■ What is needed
From the listing below, copy only the lines from the line that contains "4 Common Sounds" to the line that contains "Efficient 3000W Temperature", counting those two lines as part of the copy.

· · ·

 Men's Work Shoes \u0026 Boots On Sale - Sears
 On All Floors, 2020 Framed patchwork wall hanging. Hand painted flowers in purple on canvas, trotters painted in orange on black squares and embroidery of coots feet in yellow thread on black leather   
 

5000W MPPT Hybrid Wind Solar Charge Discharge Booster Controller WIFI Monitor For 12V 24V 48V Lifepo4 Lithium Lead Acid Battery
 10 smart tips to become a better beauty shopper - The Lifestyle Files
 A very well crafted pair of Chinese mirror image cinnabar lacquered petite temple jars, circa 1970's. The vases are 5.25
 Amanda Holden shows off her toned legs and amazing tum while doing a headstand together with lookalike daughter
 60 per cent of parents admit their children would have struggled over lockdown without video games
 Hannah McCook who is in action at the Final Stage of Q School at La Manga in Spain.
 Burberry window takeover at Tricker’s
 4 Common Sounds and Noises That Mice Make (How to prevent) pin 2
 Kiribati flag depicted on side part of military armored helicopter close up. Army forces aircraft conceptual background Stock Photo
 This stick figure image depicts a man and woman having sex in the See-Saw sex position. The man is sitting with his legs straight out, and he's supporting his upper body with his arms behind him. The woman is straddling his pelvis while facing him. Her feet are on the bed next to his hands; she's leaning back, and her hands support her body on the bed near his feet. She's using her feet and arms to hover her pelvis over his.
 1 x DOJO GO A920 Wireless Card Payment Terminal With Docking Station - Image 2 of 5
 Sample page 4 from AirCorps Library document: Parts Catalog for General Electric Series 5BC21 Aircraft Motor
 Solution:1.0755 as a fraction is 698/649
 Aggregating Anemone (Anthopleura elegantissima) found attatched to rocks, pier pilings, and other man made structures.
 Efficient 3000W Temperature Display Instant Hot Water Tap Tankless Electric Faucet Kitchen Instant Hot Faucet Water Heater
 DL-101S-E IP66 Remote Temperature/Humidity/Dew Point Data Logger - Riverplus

· · ·

■ Problem solution
 4 Common Sounds and Noises That Mice Make (How to prevent) pin 2
 Kiribati flag depicted on side part of military armored helicopter close up. Army forces aircraft conceptual background Stock Photo
 This stick figure image depicts a man and woman having sex in the See-Saw sex position. The man is sitting with his legs straight out, and he's supporting his upper body with his arms behind him. The woman is straddling his pelvis while facing him. Her feet are on the bed next to his hands; she's leaning back, and her hands support her body on the bed near his feet. She's using her feet and arms to hover her pelvis over his.
 1 x DOJO GO A920 Wireless Card Payment Terminal With Docking Station - Image 2 of 5
 Sample page 4 from AirCorps Library document: Parts Catalog for General Electric Series 5BC21 Aircraft Motor
 Solution:1.0755 as a fraction is 698/649
 Aggregating Anemone (Anthopleura elegantissima) found attatched to rocks, pier pilings, and other man made structures.
 Efficient 3000W Temperature Display Instant Hot Water Tap Tankless Electric Faucet Kitchen Instant Hot Faucet Water Heater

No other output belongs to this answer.